Exercise data =
────────

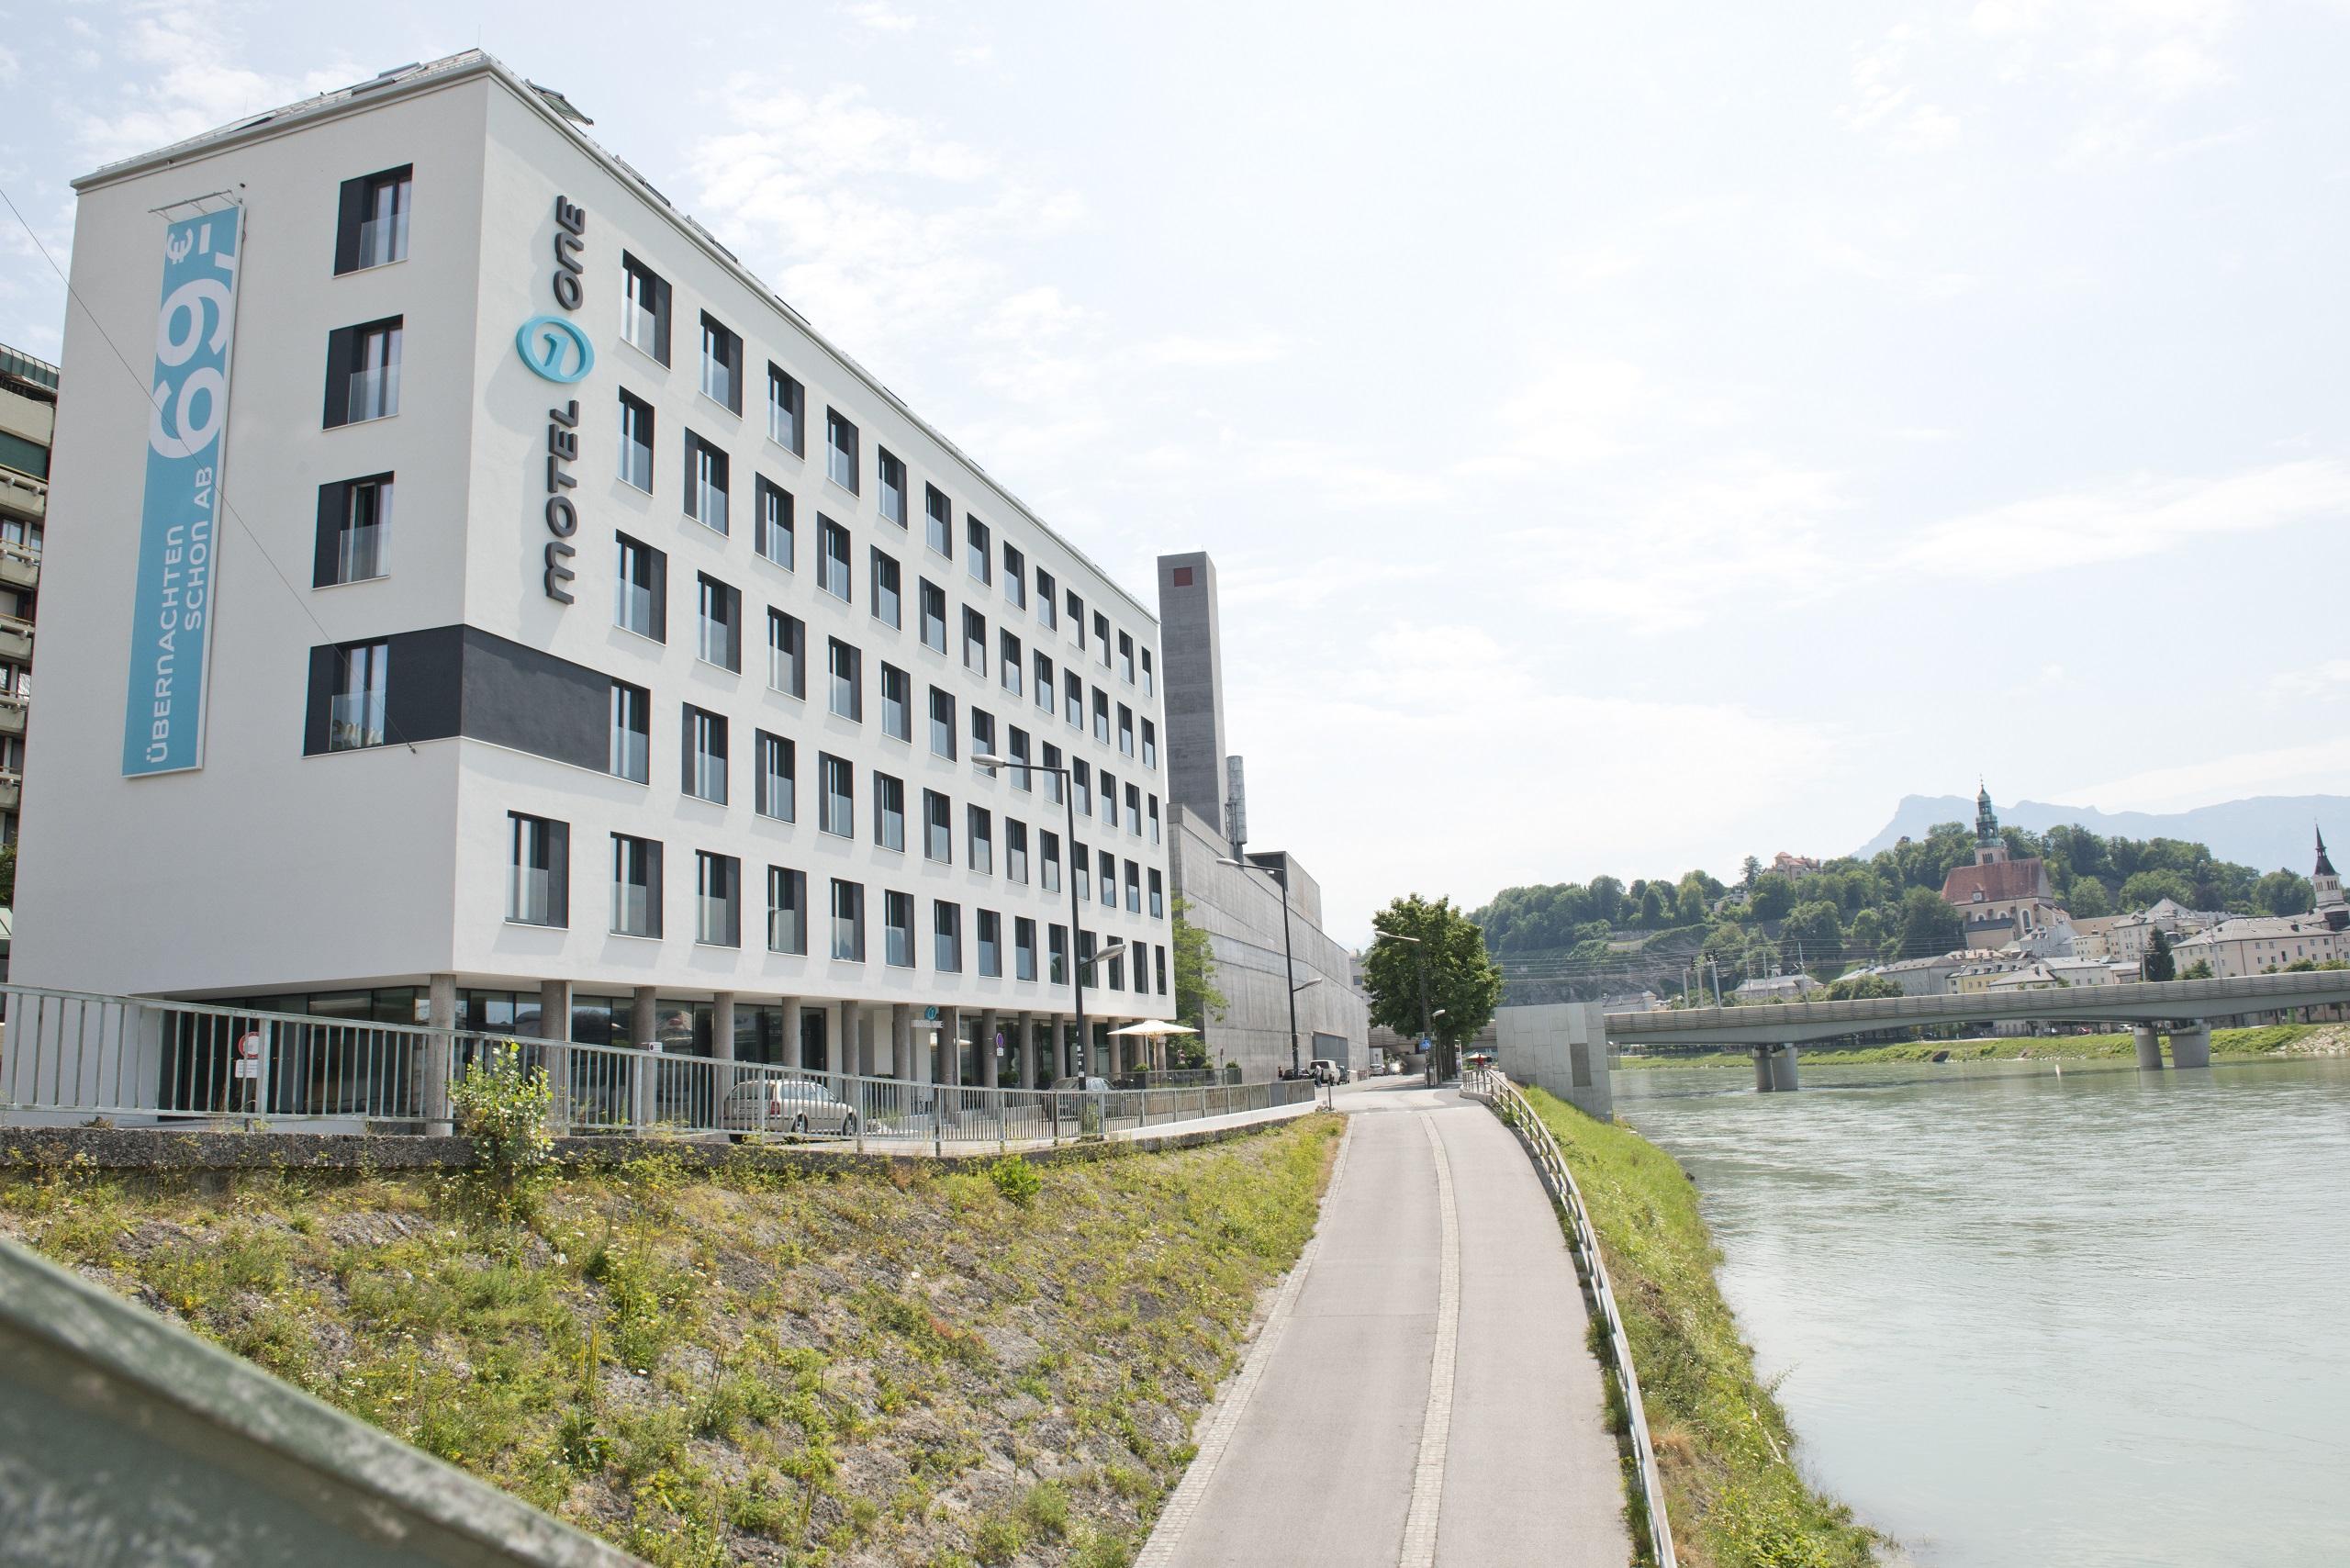 Bremen Motel One hotel salzburg-mirabell motel one | design hotels salzburg mirabell
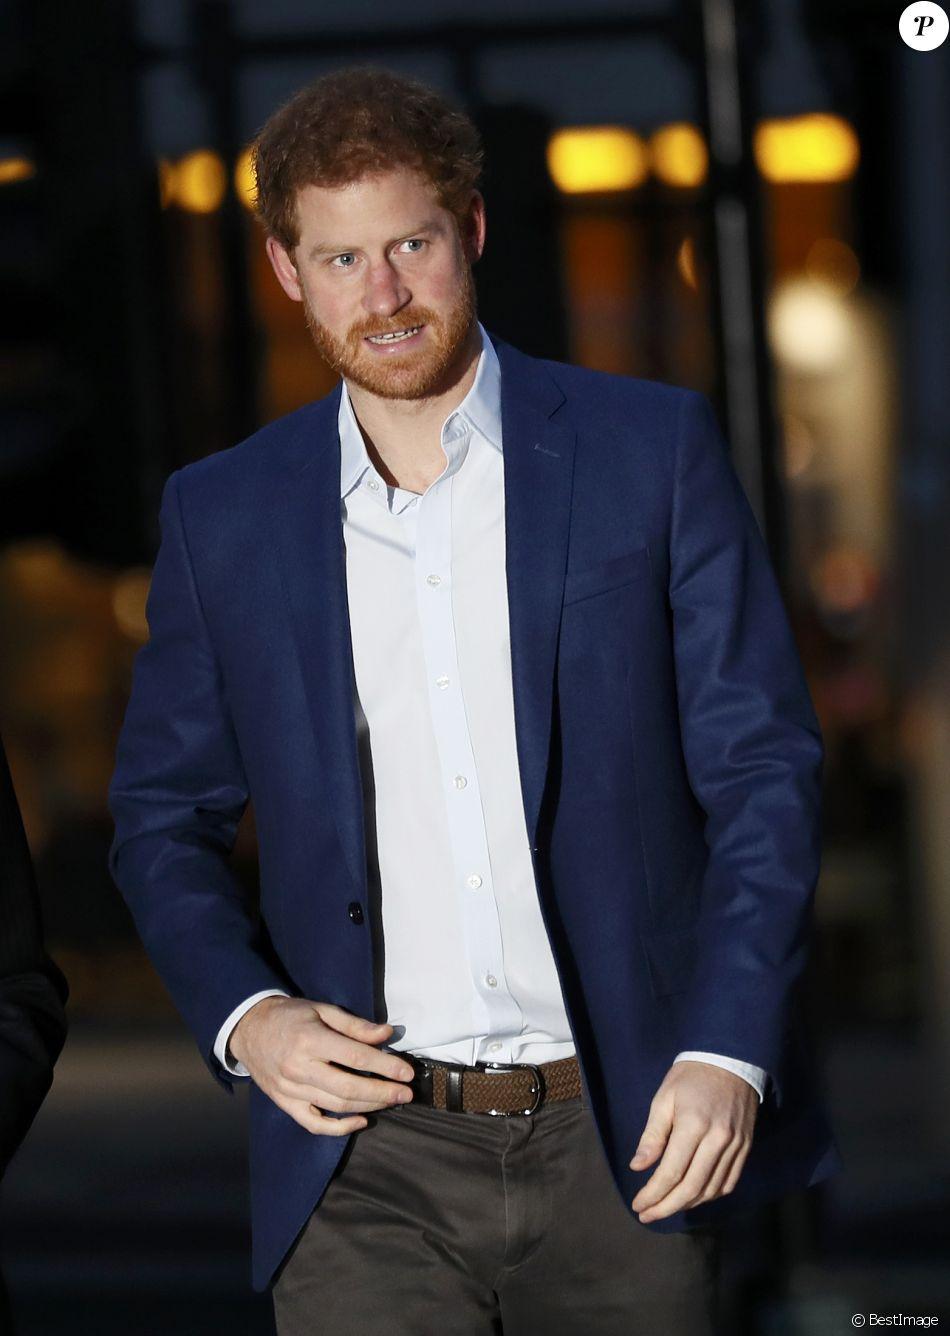 Le prince Harry a rencontré le personnel des services ambulanciers londoniens (London Ambulance Service) de Waterloo Road le 2 février 2017, au lendemain d'un dîner romantique avec sa compagne Meghan Markle au SoHo House.
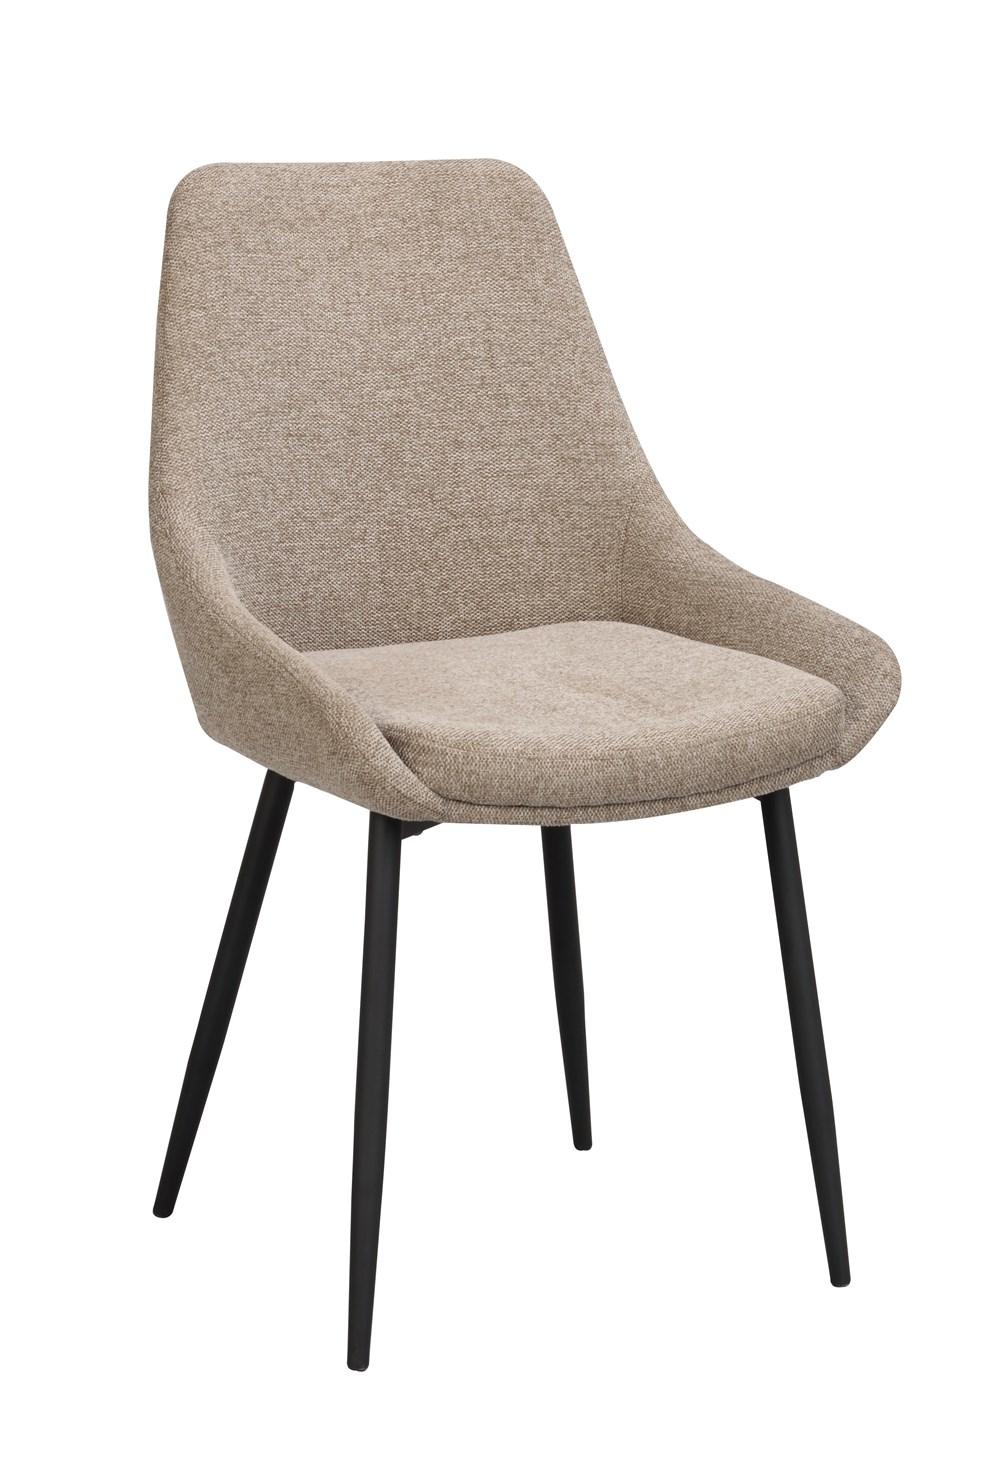 Sierra tuoli beige kangas / musta metalli, Rowico

────────

What to do =
Reproduce the listing exactly. Do not include its images.

Solution for this exercise =
 Bremen Motel One hotel salzburg-mirabell motel one | design hotels salzburg mirabell
 Le prince Harry a rencontré le personnel des services ambulanciers londoniens (London Ambulance Service) de Waterloo Road le 2 février 2017, au lendemain d'un dîner romantique avec sa compagne Meghan Markle au SoHo House.
 Sierra tuoli beige kangas / musta metalli, Rowico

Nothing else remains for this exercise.